From Zero to Basic Strategy: RL Learns Blackjack
Can a machine, starting with no knowledge of blackjack, discover the same “basic strategy” that humans use? This first experiment uses a simplified environment and Monte Carlo Control to find out.
Simplified Environment
The starting point is a one-deck game with only two possible actions: Hit or Stand. The dealer follows the standard rule of hitting until reaching 17 or more. No doubling, splitting, or betting is included yet.
class BlackjackEnv:
def __init__(self):
self.deck, self.player, self.dealer = [], [], []
...This environment reduces blackjack to the essential decision: when to take another card and when to stop.
Monte Carlo Control
The agent is trained by playing thousands of full games. At the end of each game, rewards are calculated, and the state–action values (Q-values) are updated. Over time, the agent converges on a strategy that maximizes its long-term return.
def mc_control(num_episodes=200000, epsilon=0.1, gamma=1.0):
Q = defaultdict(lambda: np.zeros(2)) # 0=Hit, 1=Stand
...Visualizing the Policy
The learned strategy can be plotted in a grid showing player totals (12–21) versus dealer upcards (1–10).
def extract_policy_grid(policy, usable_ace):
grid = np.zeros((10, 10))
for player in range(12, 22):
for dealer in range(1, 11):
state = (player, dealer, usable_ace)
grid[player-12, dealer-1] = policy.get(state, 0)

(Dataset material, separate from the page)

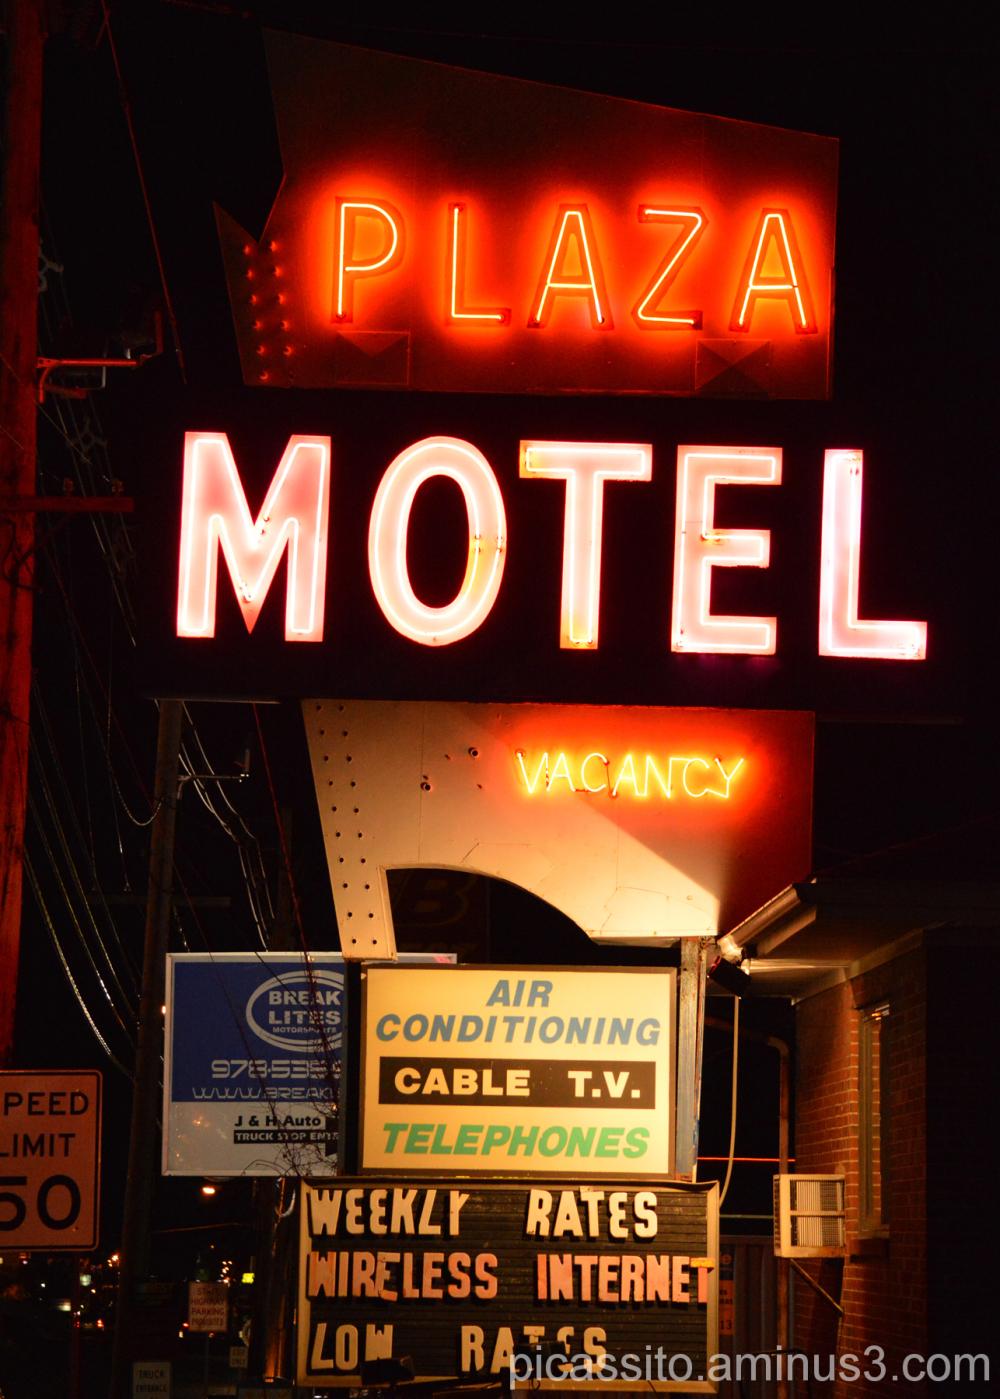 The Plaza Motel - Vacancy

return gridThis produces heatmaps where red indicates “Hit” and blue indicates “Stand.”


Policy Summary
For a more interpretable format, the policy can be summarized in text:
1 2 3 4 5 6 7 8 9 10
Hard 12: H H H H S S H H H H
Hard 13: H S S S S S H H H H
Hard 14: H H H H S S H H H H
...The results closely resemble human basic strategy. The agent has learned:
- To stand on 17 or more.
- To let the dealer bust when showing a weak card (2–6).
- To hit aggressively with a soft hand until reaching 18–19.
Takeaways
Monte Carlo RL, given no prior knowledge, converges on strategies that look remarkably similar to basic blackjack charts. Even in this simplified environment, the core principles of optimal play emerge naturally from trial and error.